Review: Big Data Book by Nathan Marz

Recently, I finished reading the latest “early access” version of the Big Data Book by Nathan Marz.

What is Big Data

In information technology, big data is a collection of data sets so large and complex that it becomes difficult to process using on-hand database management tools or traditional data processing applications. The challenges include capture, curation, storage, search, sharing, analysis, and visualization.

So, Big Data is relevant for any technical and business person whose company deals with lots of information and wants to make use of it. For example, Gmail search, etc.

Why this book is awesome

The book has been a fascinating and engaging learning for me because of two reasons:

First, it has a strong and simple “first principles” approach to an architecture and scalability problem, as opposed to the confusing (to me) and mushrooming complexity and treating Hadoop as a panacea in the Big Data world.

Second, Nathan Marz was one of the only 3 engineers who made the BackType search engine (the company was acq-hired by Twitter):

BackType captures online conversations, everything from tweets to blog comments to checkins and Facebook interactions. Its business is aimed at helping marketers and others understand those conversations by measuring them in a lot of ways, which means processing a massive amount of data.

To give you an idea of the scale of its task, it has about 25 terabytes of compressed binary data on its servers, holding over 100 billion individual records.
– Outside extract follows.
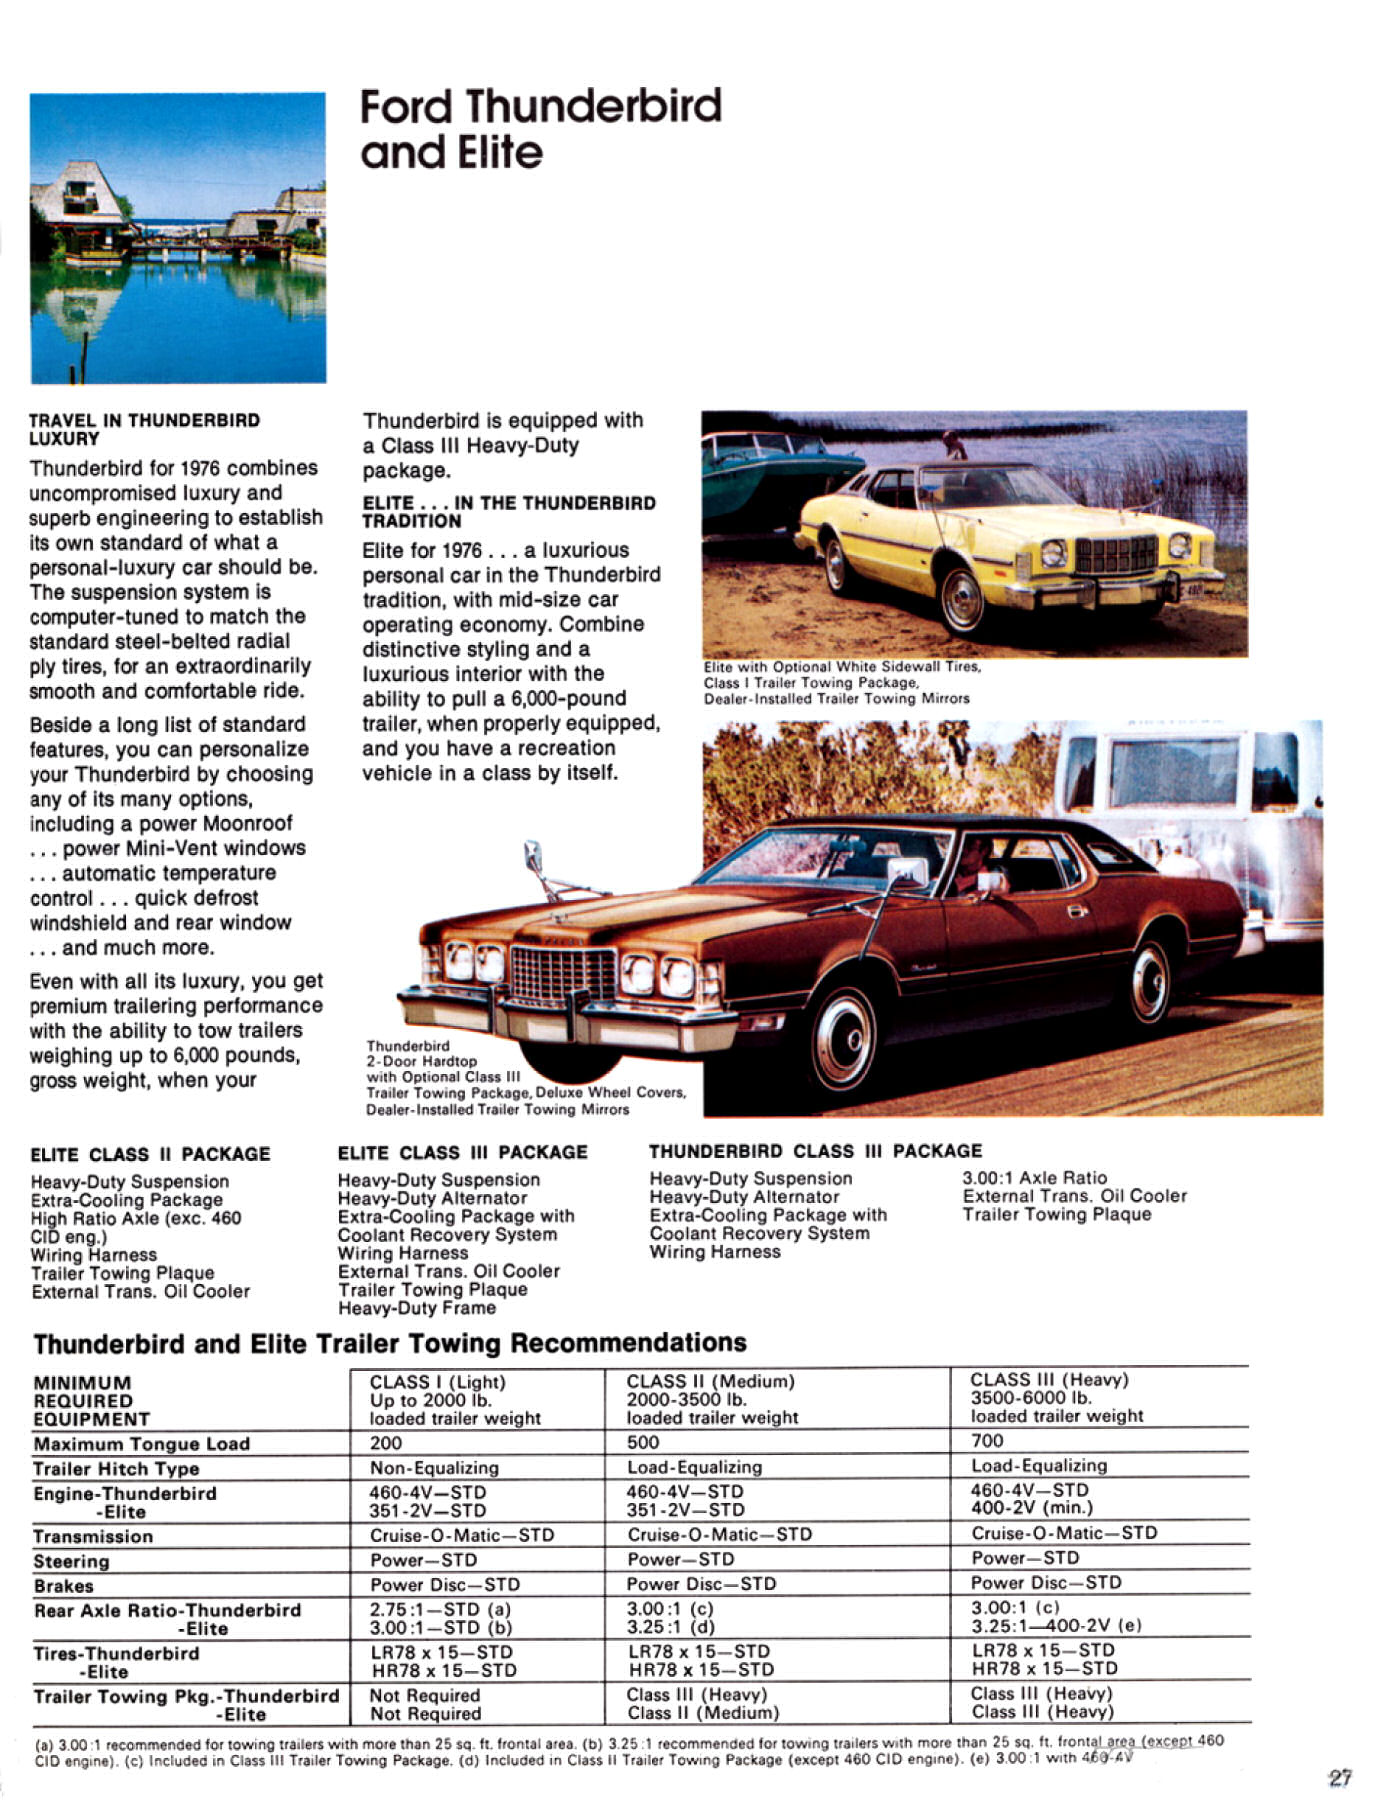 1976 Ford Recreation Vehicles-27

Its API serves 400 requests per second on average, and it has 60 EC2 servers around at all times, scaling up to 150 for peak loads.

It has pulled this off with only seed funding and just three employees: Christopher Golda, Michael Montano and Nathan Marz. They’re all engineers, so there’s not even any sysadmins to take some of the load.

Note: BackType’s (now open sourced) real time data processing engine Storm powers Twitter’s analytics product and real-time trends among other things.

Lambda Architecture

A wise man once told me that programming is about managing complexity and that is exactly why I love Nathan Marz’s approach to Big Data which is called “Lambda Architecture”:

Lambda Architecture

There are three layers:

Batch layer
- The fundamental shift to be done when designing a Big Data system according to Nathan Marz is to have an append-only data set which means that once a bunch of data is written, it’s never altered, you can only add more to the set. The master data is immutable.
  - This ensures that the data does not get lost or corrupted by bad code / bad assumptions, etc which happens more often than we would like to admit.
  - For a more thorough explanation, do watch Pat Helland’s talk “Immutability changes everything”.
- Each granular piece of data should be accompanied with a timestamp and should be uniquely identifiable. Add a nonce if required to ensure that each row is unique, so that inserts into the database can be idempotent.
  - This allows us to view the data as it was at any instant of time.
- Schemas written using Apache Thrift
  - This enables us to validate the data before storage.
  - Thrift can generate wrappers for every programming language which makes the system language-agnostic for us.
- We ask questions to our system by querying the precomputed views (called batch views), which are simply aggregated information that we generate from our master data similar to indexes in RDBMS systems for fast lookup.
  - Hadoop MapReduce can be used to precompute data. That is what MapReduce is designed for.
  - The batch views are regenerated from the master data continuously, so once a batch view has been generated, the next cycle of computing starts immediately. We’ll see why this is important.
- This layer takes care of the storage of the data.
Serving layer
- The serving layer is a specialized distributed database that loads in batch views, makes them queryable, and continuously swaps in new versions of a batch view as they’re computed by the batch layer.
- Answering queries is based on precomputing query functions to get “batch views” which is indexed for fast random reads.
- This layer takes care of the fast queries on the data.